I gape at her in shock till my mouth closes again. I am speechless. That was a shock I wasn’t prepared for. The thoughts are running madly through my head, there’s an incredible chaos in there.

Sabine comes closer and embraces me. „Sorry, that I didn’t tell you about it earlier, but I promised Karin,“ she mumbles in my ear. „She was afraid that if I told you about your son, you might want to fight for custody and take away the only thing she still had left to remind her of you. She wanted to start a rehab treatment but the waiting time to get into a drug rehabilitation centre was too long. She was too late for that to make it in time.“ Sabine looks me in the eyes and kisses my forehead.


I don´t know what to say, what to do. While I stare at Sabine in silence, an urgent, obsessively repetitive thought keeps popping into my mind: I have a child. That same sentence is going round like a broken record. I must look terrified and shattered, because Sabine takes my head as if I were afraid of something. At that moment an absurd thought strikes me… that my mom has finally got a grandchild… she will be probably the only one who is truly happy about this.

„How… how did you find out?“ I stutter.

„Because of the date of birth. The day the social workers took him from Karin, he was two years old. She had mentioned it before, but I wouldn’t somehow put two and two together. When I started thinking about it, I just simply counted backwards that it was almost exactly two years and nine months since your night together. I was pretty sure, so the next day I rushed back and tried to make her admit to it. It was hard, but in the end she confessed. She totally broke down, but eventually she was glad that she could talk about it with someone. She told me that at first she had been really determined to get an abortion, but at the last minute she had changed her mind. She still loved you and she wanted to have your child. The hate towards you ceased, but she didn’t want you to know. She needed to have him just for herself. She knew that you had money and power and that you could possibly take the child from her, so she left Berlin and gave birth in Dresden. As far away from you as possible.

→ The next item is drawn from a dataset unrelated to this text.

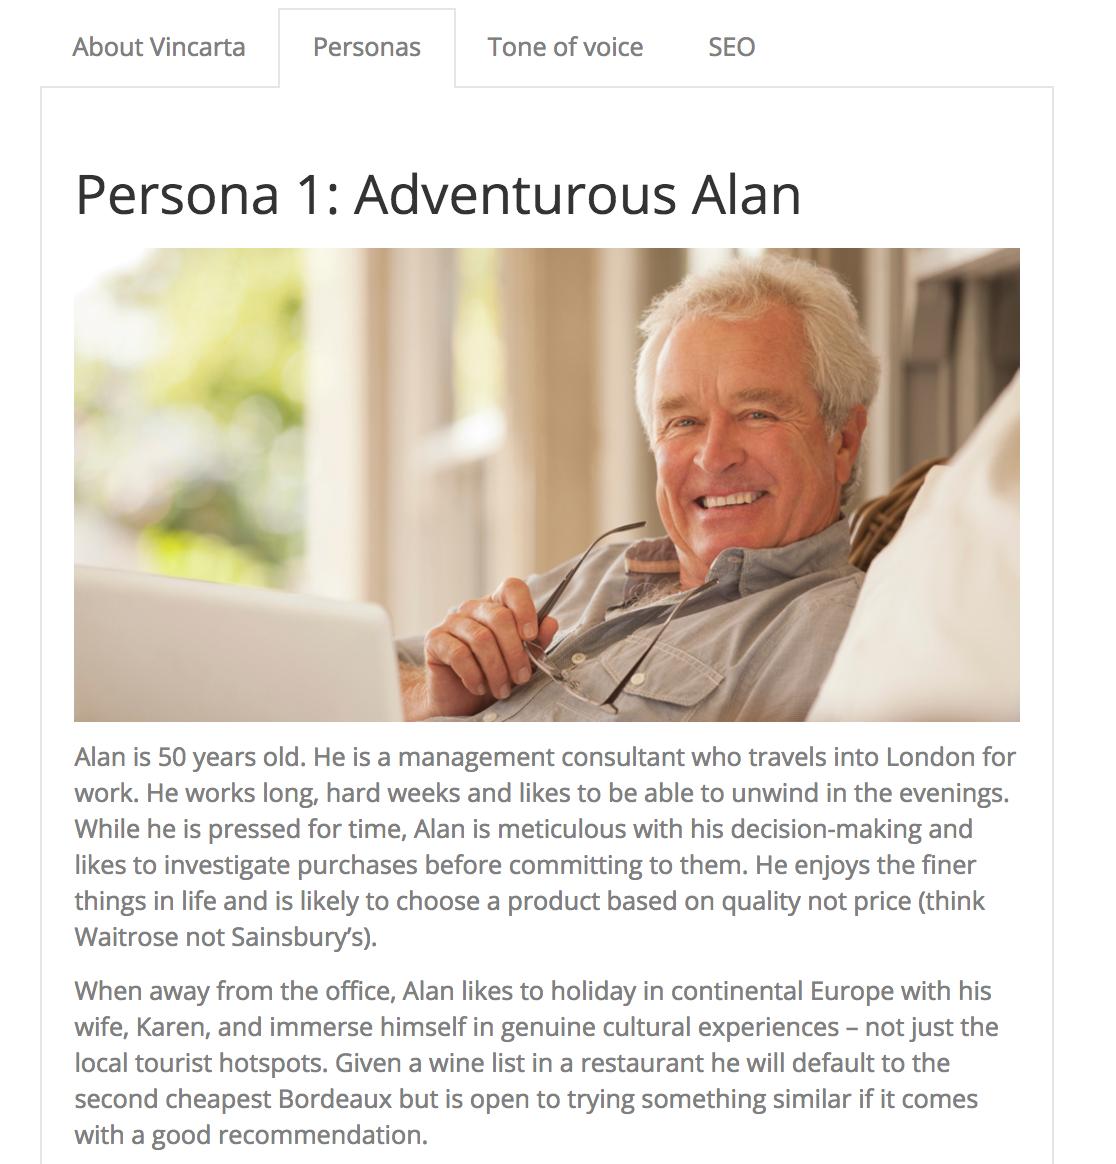 Adventurous Alan persona for Vincarta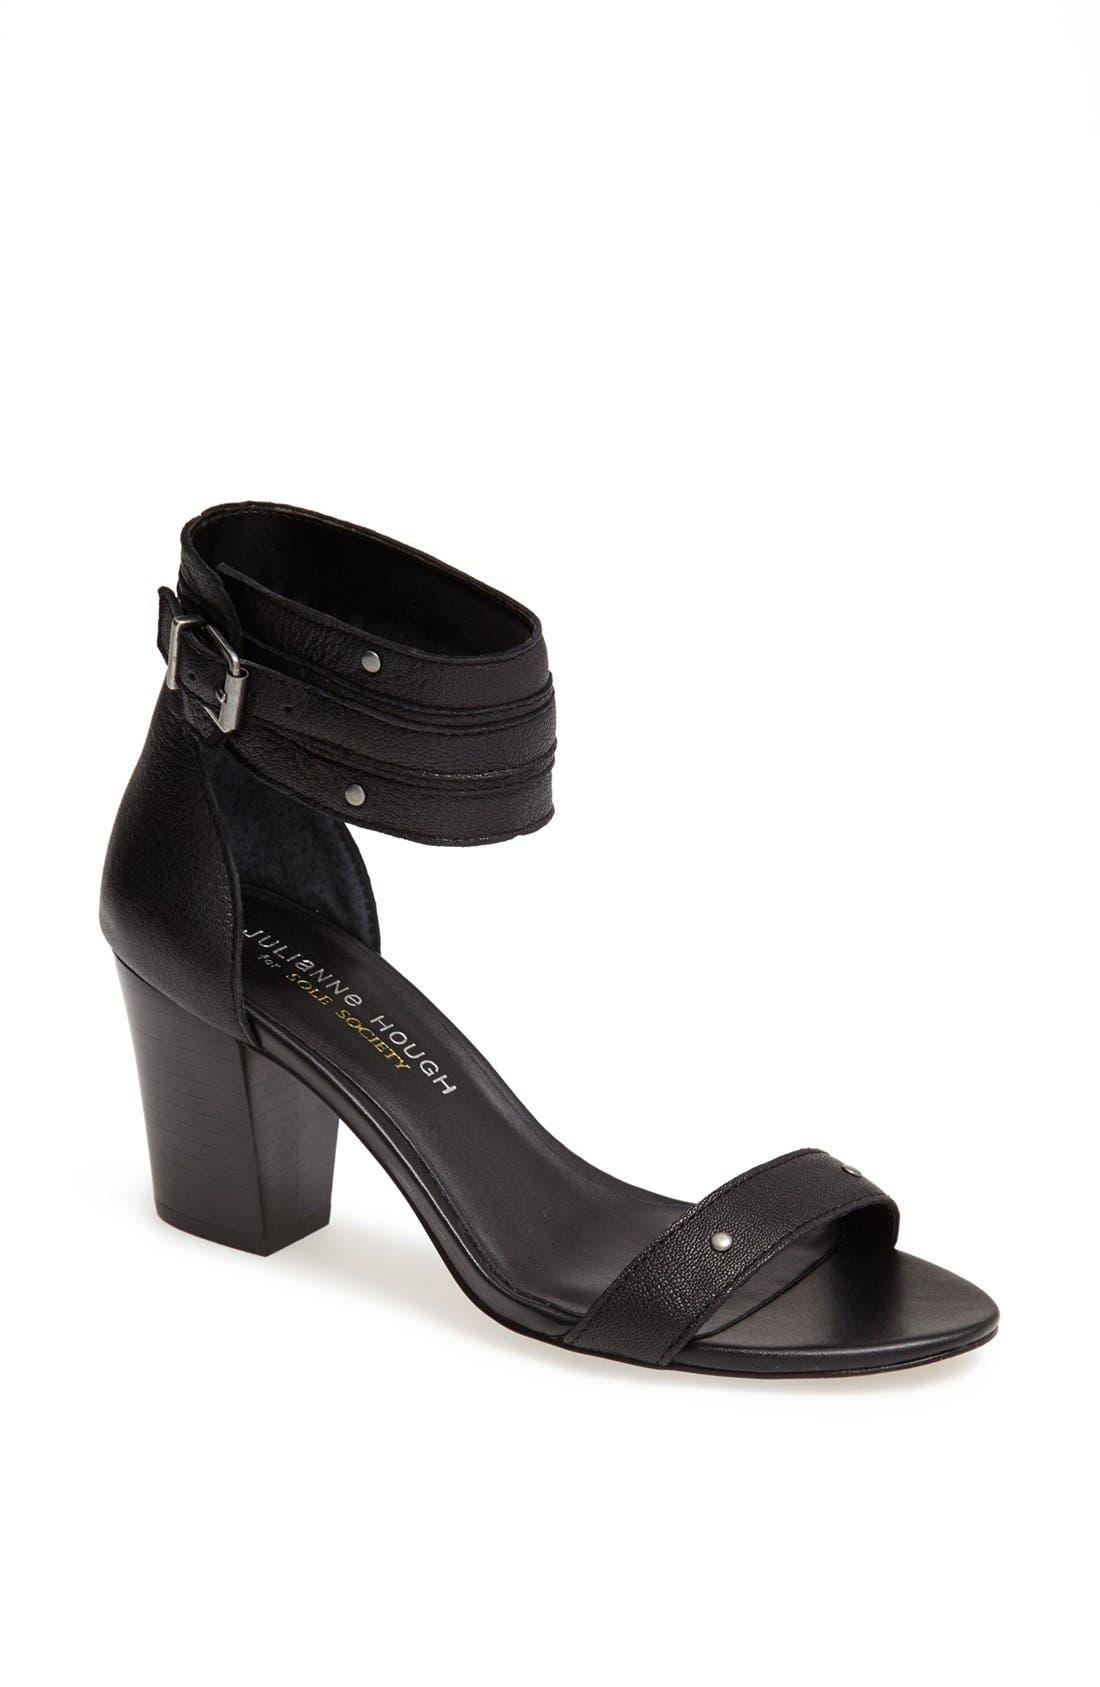 Main Image - Julianne Hough for Sole Society 'Rochelle' Sandal

When she ran out of money you had given her for the abortion, she had to return to Berlin so that she could get more money from you, otherwise they would have nothing to live on. Her parents were already dead and she never spoke about her relatives. Every time when you were going to come, she left the boy with her neighbour. She stopped coping though and started drowning her sorrows in alcohol instead. She became slowly a sad ruin and had to pay for it by losing her child,“ Sabine finishes sadly. A tense silence reigns between us and I can almost hear my heart beat.

„Where is he now?“ I am able to ask finally.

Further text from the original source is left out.